Ferguson [88] completed later work in 1985 and 1986 with Cree-Chipewyan peoples in Wood Buffalo National Park (Northern Alberta). Participants notes that burning was primarily conducted around settlement areas, primarily to “clean-up,” provide hay for livestock, and prevent deciduous tree encroachment into meadows. Interestingly, a main purpose of burning certain campsites in the spring was to discourage snakes. Ferguson [88] had several hypotheses for why there was less knowledge about fire and burning done in this area compared to others, including the following: (a) people are concealing information from the research team due to concerns about government fire policy, (b) soil salinization in certain areas created and maintained natural open areas, (c) Chipewyan participants in the study were recent “immigrants” to the area, and (d) early fire suppression activities in this area meant that there is little memory of burning practices.

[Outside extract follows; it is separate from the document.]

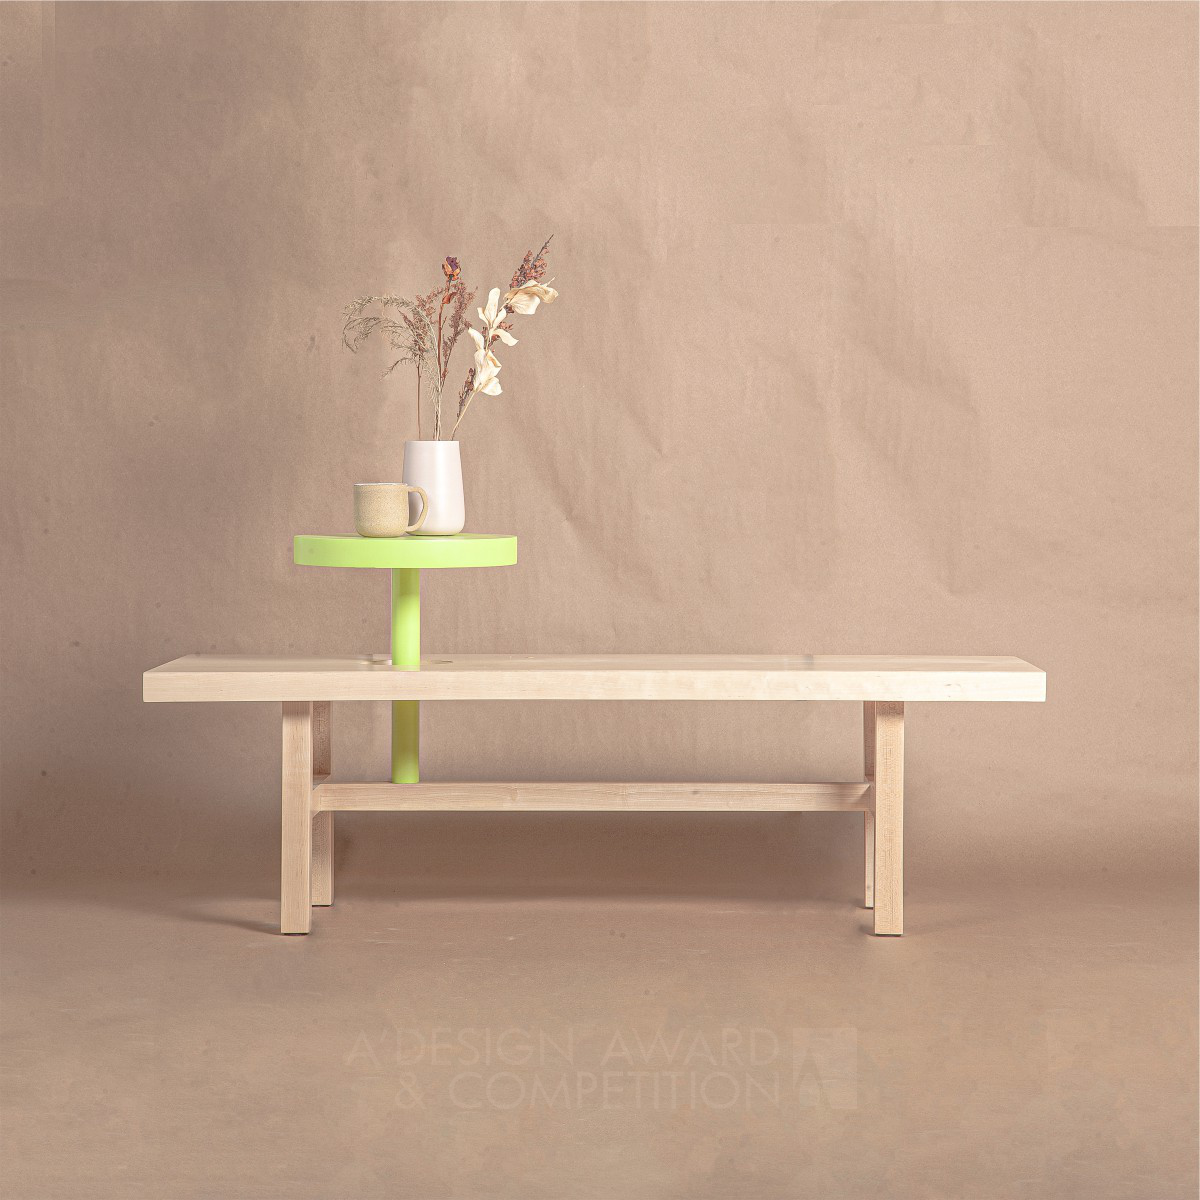 Iso Table by Meng Vang

In Labrador, fire was used by Indigenous peoples to burn berry patches, improve bear hunting, create habitat biodiversity (including using small fires to create early succession areas for caribou), open travel routes, create stands of deadwood, change migration patterns and herd movements of caribou, and signaling [41•]. Fishing with fire was also common in Innu communities, where salmon would be attracted with birchbark torches before spearing [41•]. This practice continues to contemporary times, when fire is also used to control grass mouse populations, reduce traveling times for firewood, improve or create berry patches, and promote early succession trees like poplar that carvers use [41•]. Sod and rotten wood is also used in smokehouses or as insect repellent [41•].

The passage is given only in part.